The only problem I have is my grades. I don't think they are good enough, their just plain average. I mean I'm good at some subject's, but not the important ones like math and history. What do people like me do? You always hear about the successful people; who worked hard to get to where they are. You also hear about the people who are lucky enough to have a talent good enough to get them somewhere special. But I don't have a talent (at least I don't think so) and I never work hard enough for something. The thing is I know that’s a problem, but I don't do anything about it. So that worries me, will I ever have the willpower to do something great, and if I will, will it be too late for me?

I know I'm a nice person, but does being nice get you anywhere in life? And if so, Where? and is it a good place? Why is it that you can't  just be nice and everything will be okay. It seems so easy to get good grades, everybody gets them around me, so why can't I? Why is it that I know I have a problem but don't do anything about it?
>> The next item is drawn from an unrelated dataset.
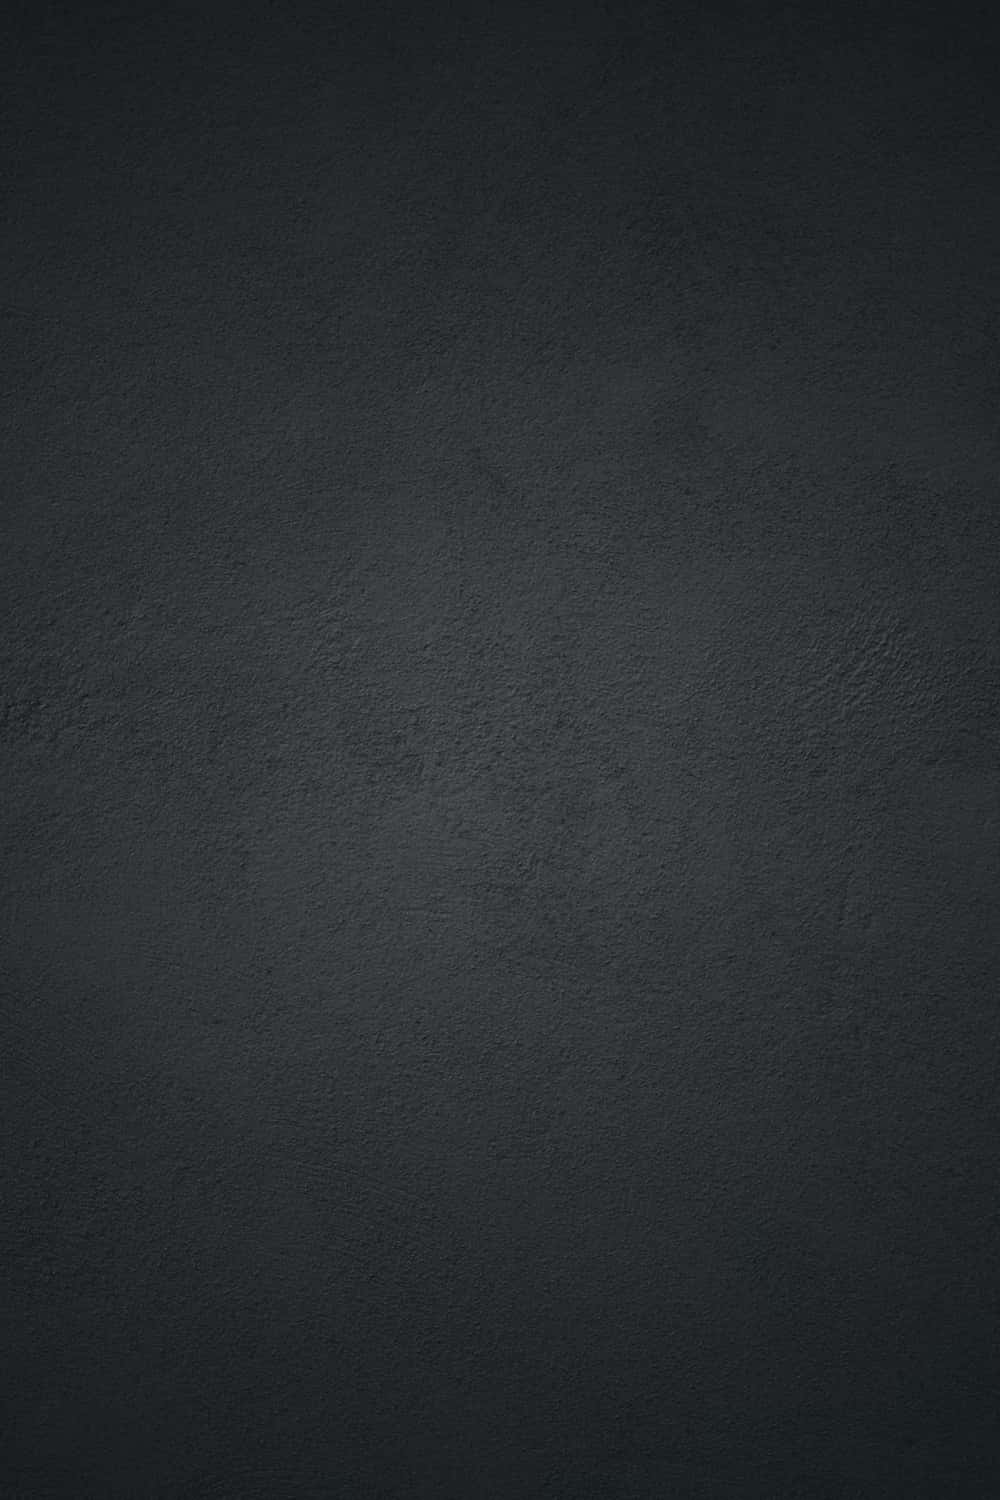 Dark Textured Background Wallpaper

Well that’s not true, I do study.I know this sounds stupid, but studying does help. It used to be that I never studied so therefore I never understood the question and didn't know what to answer, but now that I do study I do understand the question and I know what to answer. But that’s not good enough for the teachers, they pass me, but just with average grades. But not like the others they get great grades. Even though I know I shouldn't, I envy them. But we all deserve what we get in life, they worked harder then I and so therefore they get better benefits than me. At least there are some subjects I'm good at like English and art, the two things I'm actually interested in. Even though I know for sure that I want to have a carrier in journalism, I always think, am I good enough, I mean I know I'm good but what if there's someone better than me?

So I've just found out what really worries me by writing down my thoughts. That is that I'm not good enough, or that other people may not think that I'm not good enough either. I've just realized that the reason I think that is because everyone around me is doing better than I am. Why am I different, why can't I have the same willpower as everyone else and be as good as them? I know for sure that there are or have been other people like me in the world, but where are they now? And did they make it though successfully or did they fail it?   
And what is going to happen to me? Will I make it like others around me or will I fail? It's funny because when I try to picture my future I don't see anything, it's as if nothing is up to me, other people are in charge of my faith.